Before Casey left, we positioned a rock at the mouth of the groundhog’s tunnel beneath my pantry to confirm the critter’s presence or absence. In two weeks, neither a delectable salad of strawberries and lettuce nor a paste of peanut butter and oats had baited him. We made a plan for me to call Casey in the morning after Skunk would likely have vacated and Woodchuck might have inadvertently revealed himself.

I told Casey he was my hero.

What I did not think to say then, but can taste now (breakfasting on gratitude), is that I am being given not only needed support, but also Casey’s generous good-spiritedness.

In addition, as I relinquish the harvest of cherry tomatoes sweet as candy, summer squash that tastes like sunshine, and the glee of discovering a hidden melon swelling on its vine beneath a broad leaf umbrella, I know there are other immeasurable delights I am harvesting.

I am being nurtured by my soft-spoken physical therapist Mary, who is beginning to fathom the healer she is beyond the clinician she was trained to be. I am receiving the refined skill, intuition and love of my chiropractor Linda, a passionate, petite and muscular angel with an indelible New York accent and hugs that align spines. I have met Jen, who dips my hands in wax twice a week and, with compassion, educates and challenges me to be more mindful of my hands, of how they serve me and how I can serve them. And there’s Jeff, the embodiment of neighborliness in an age where too busy is the new everything.
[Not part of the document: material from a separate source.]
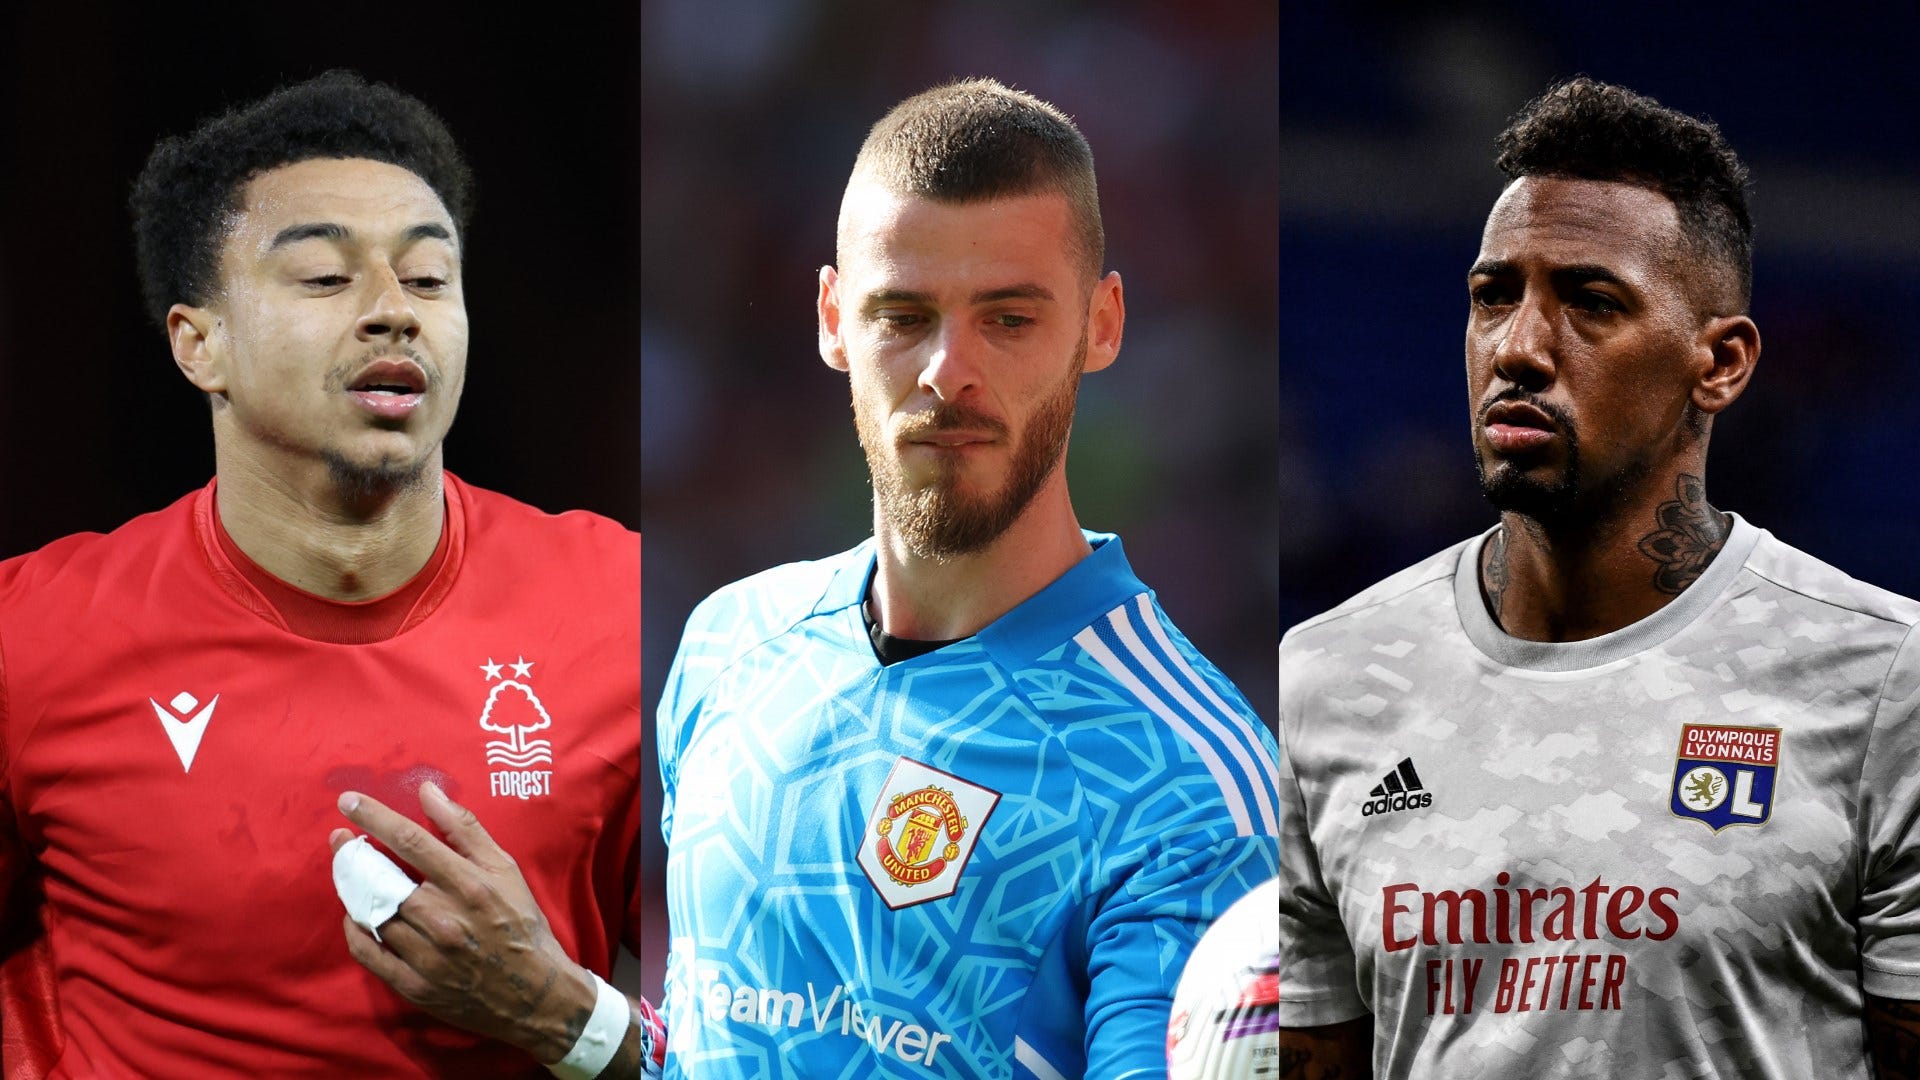 FM24: Best Free Agents To Watch Out For, FM Blog

Being thwarted has led me down paths I would not have taken, to rendezvous with souls I might not otherwise have rendezvoused with. I have given up certain plans to embrace others. I am choosing to witness, to feel gratitude, appreciation, even curiosity, rather than to choose regret, self-blame or any of the other bummer feelings I might have entertained in the past, whole parties of them. It’s more fun this way. Much. I get to lift my gaze and view the garden of my life–beyond a small patch of weeds, doing what weeds do. I get to be a garden, cultivated by love.
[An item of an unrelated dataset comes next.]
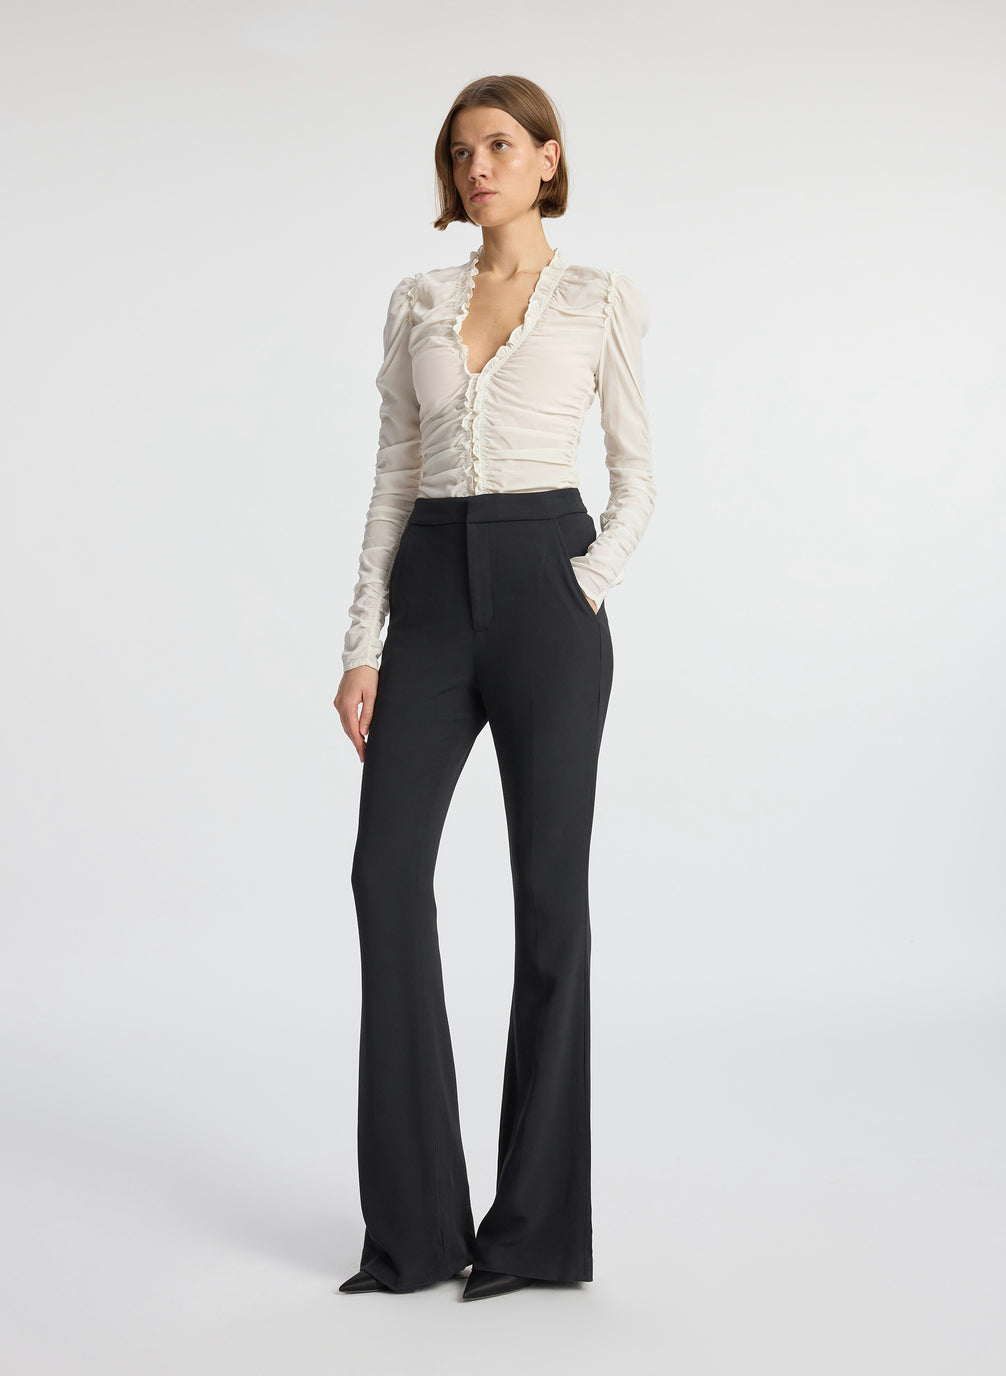 side view of woman wearing white long sleeve v neck top and black flared pants

A CONTEMPLATION (and for those who might like to write into this) A WRITING SPARK:

summer gardeningRecall a time you felt thwarted

Thwarted defined:
1.  To prevent the occurrence, realization, or attainment of:
2.  To oppose and defeat the efforts, plans, or ambitions of.

Synonyms: disappointed, discomfited, foiled, frustrated, defeated, unsuccessful, having failed or having an unfavorable outcome

When did you feel thwarted? Might be you thwarted yourself or felt thwarted by circumstances, your body, age, an individual, your mind or emotions… Could be a “big” deal or it might be a seemingly “small” deal. Long ago or happening now…

What’s the harvest you received (are receiving) instead?

What paths opened up before you, perhaps other than the ones you thought you would walk? Opportunities, lessons, surprises, even delights?